§ **Given material**

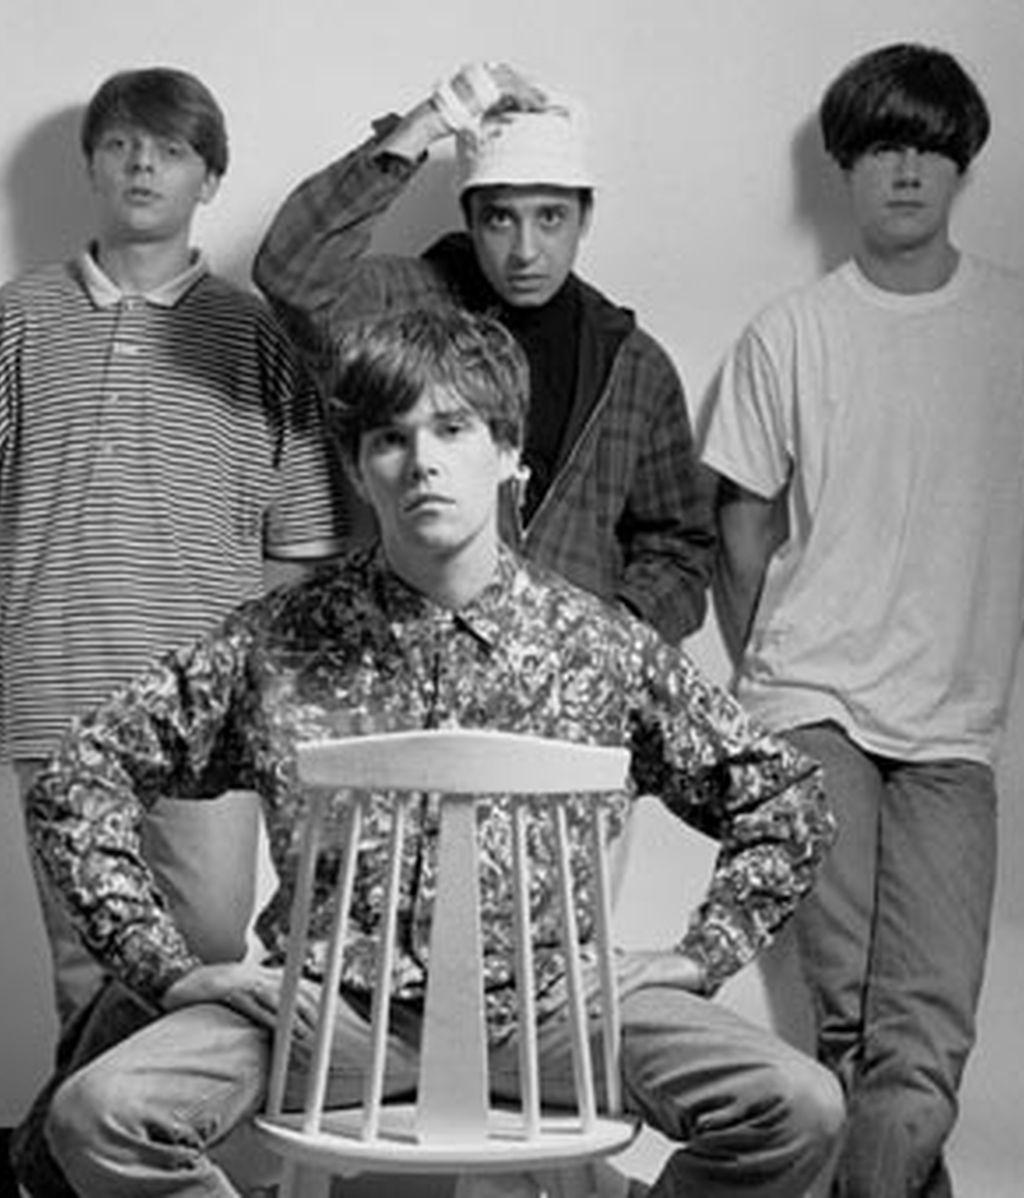 Foto de archivo del grupo británico Stone Roses
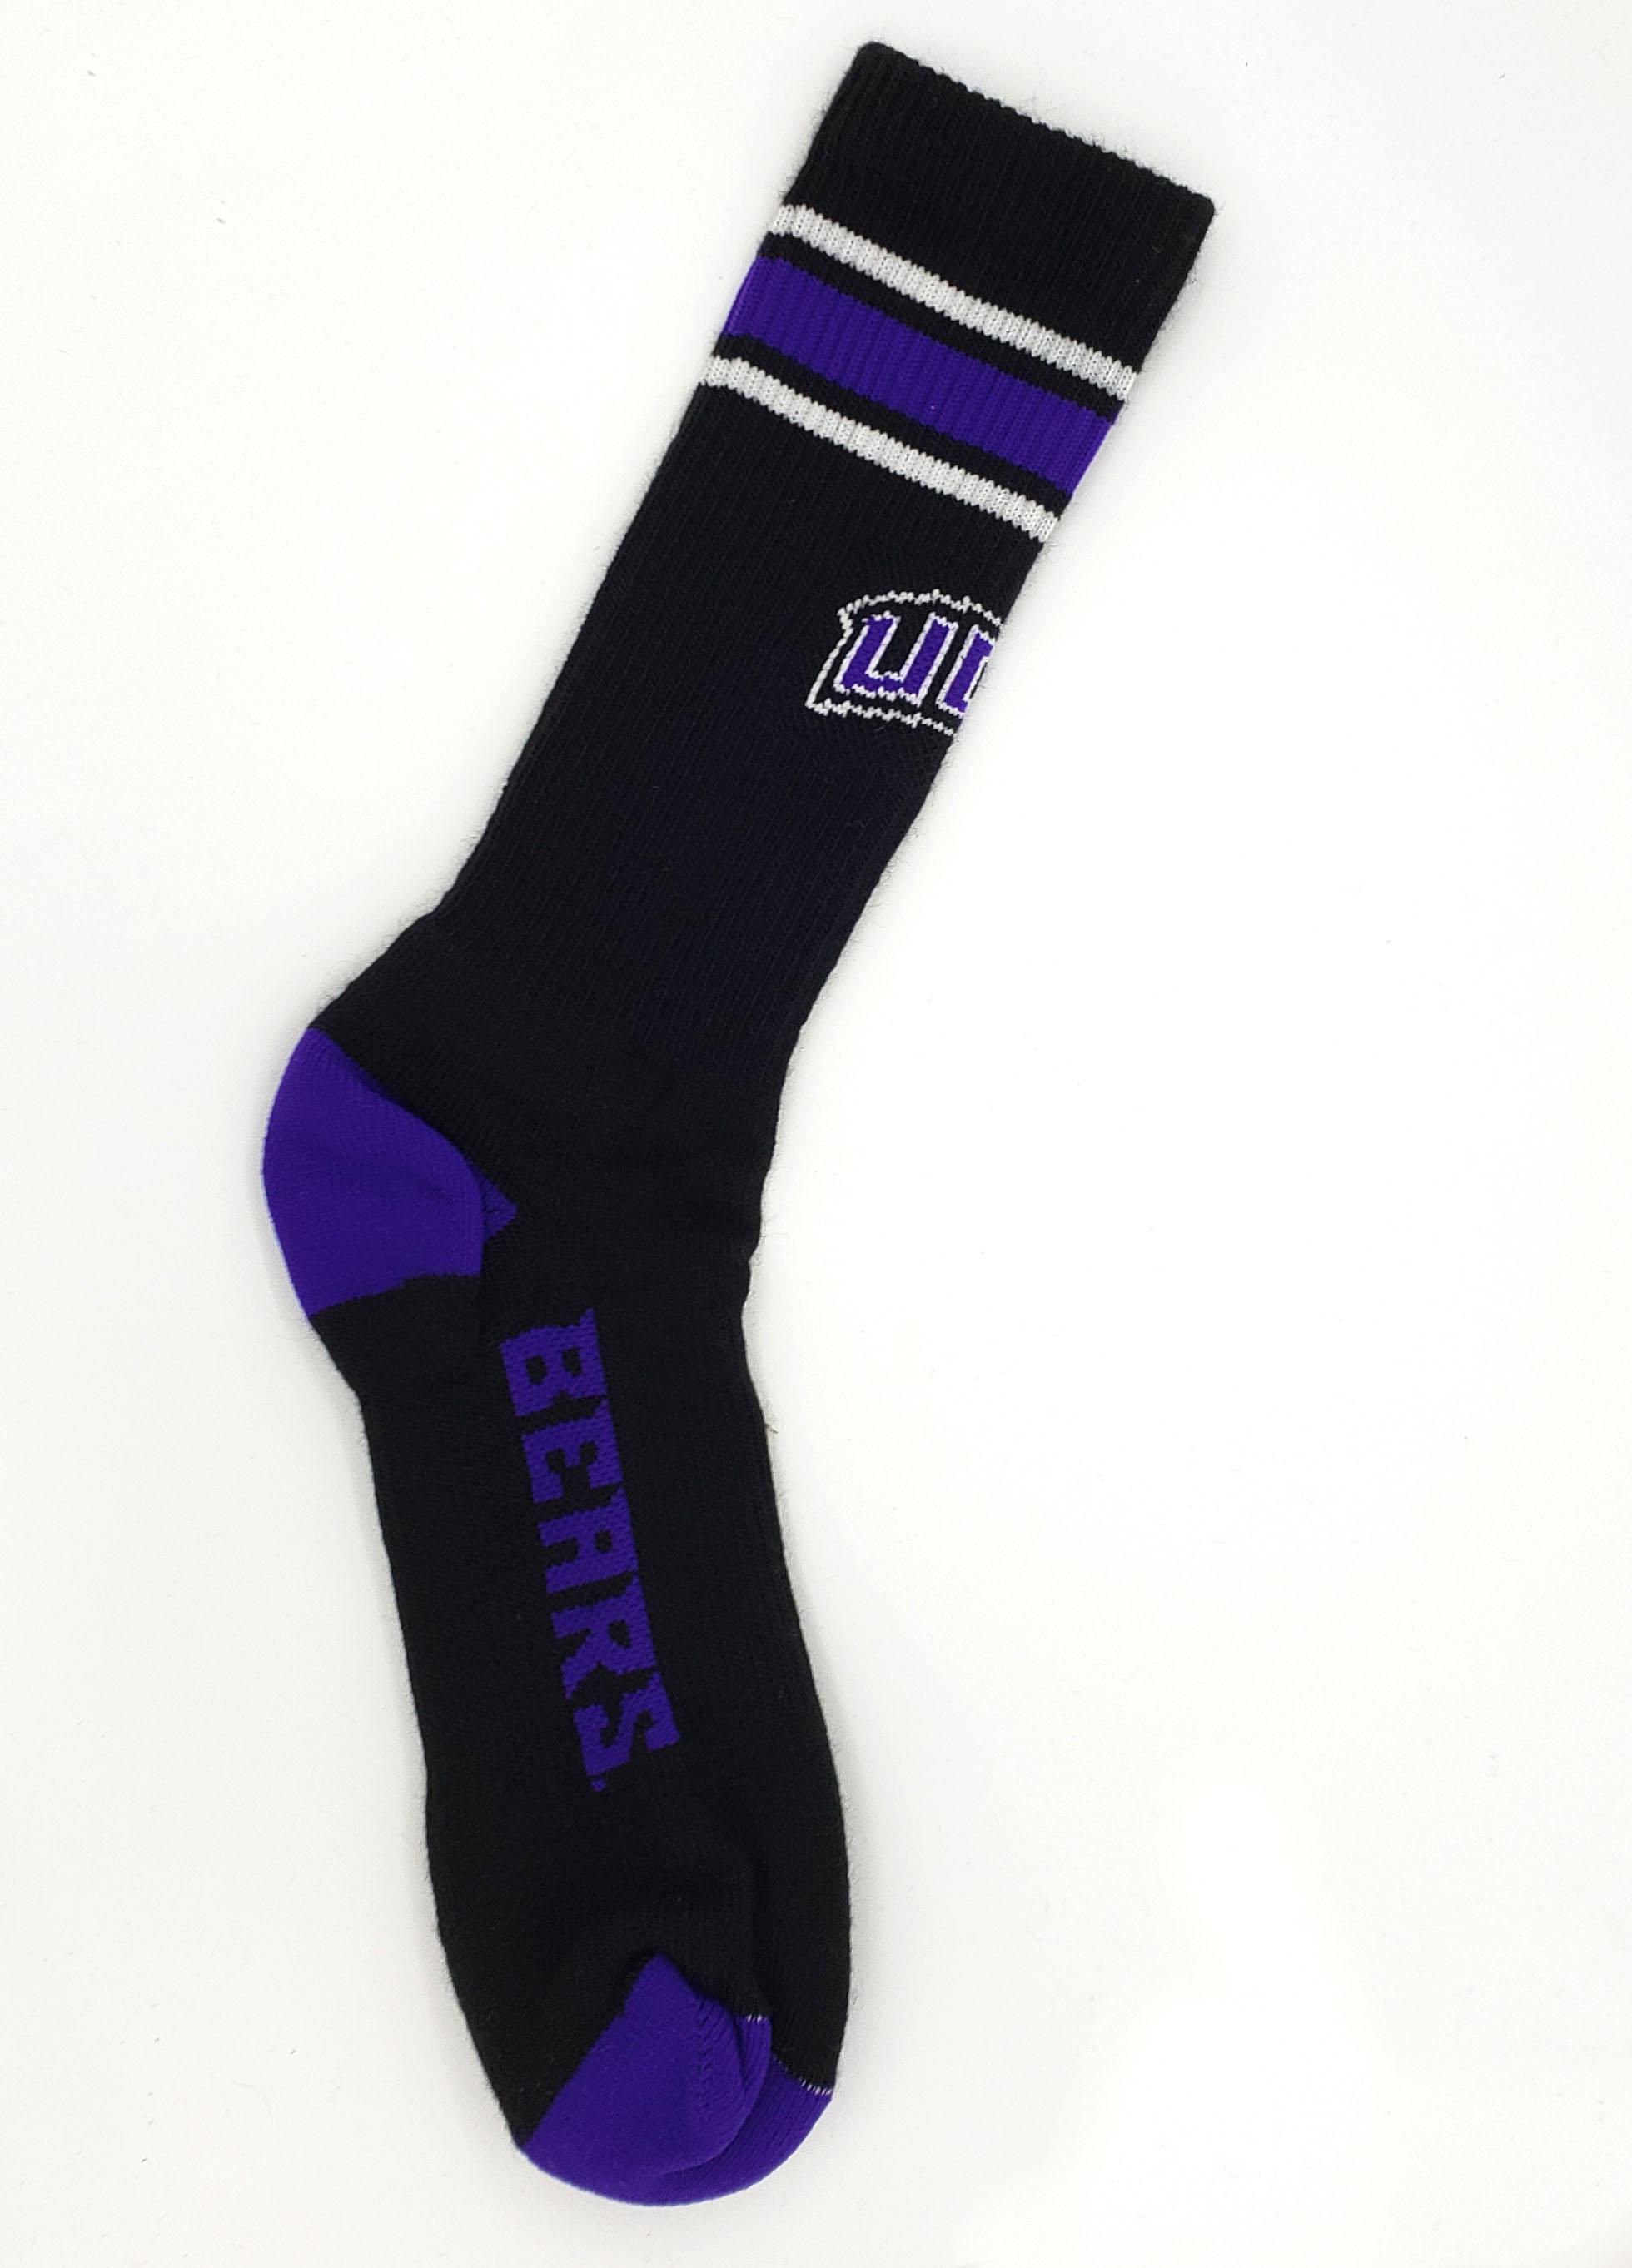 UCA Crew Socks
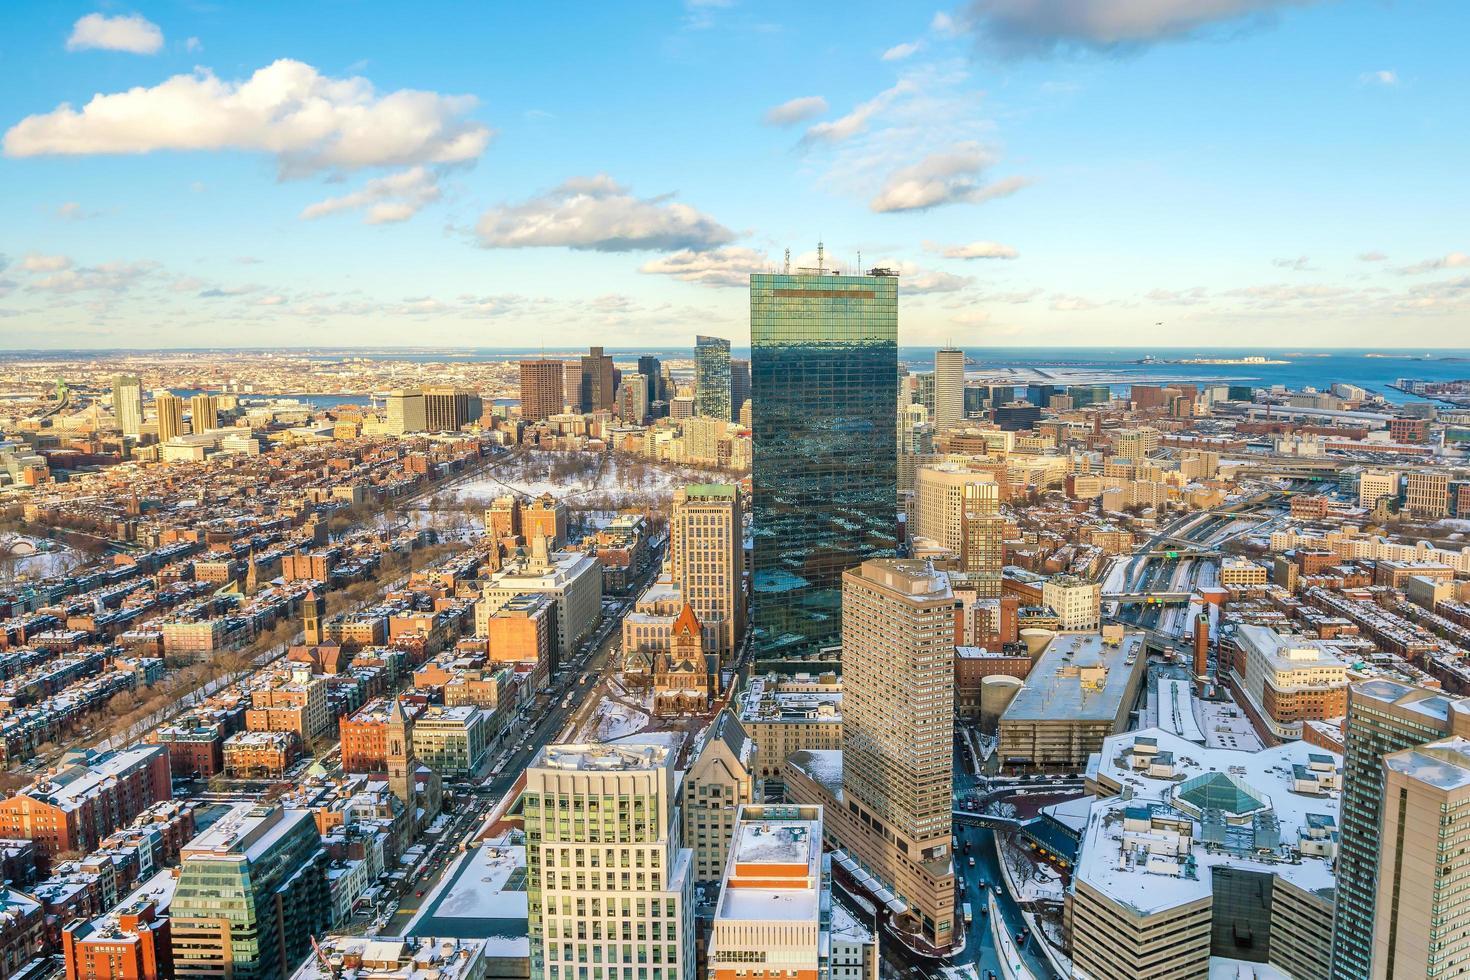 Vista aérea de Boston en Massachusetts, EE.UU. al atardecer foto

§ **Instructions for the task**
Write out the material above exactly; no pictures.

§ **Problem solution**
 Foto de archivo del grupo británico Stone Roses
 UCA Crew Socks
 Vista aérea de Boston en Massachusetts, EE.UU. al atardecer foto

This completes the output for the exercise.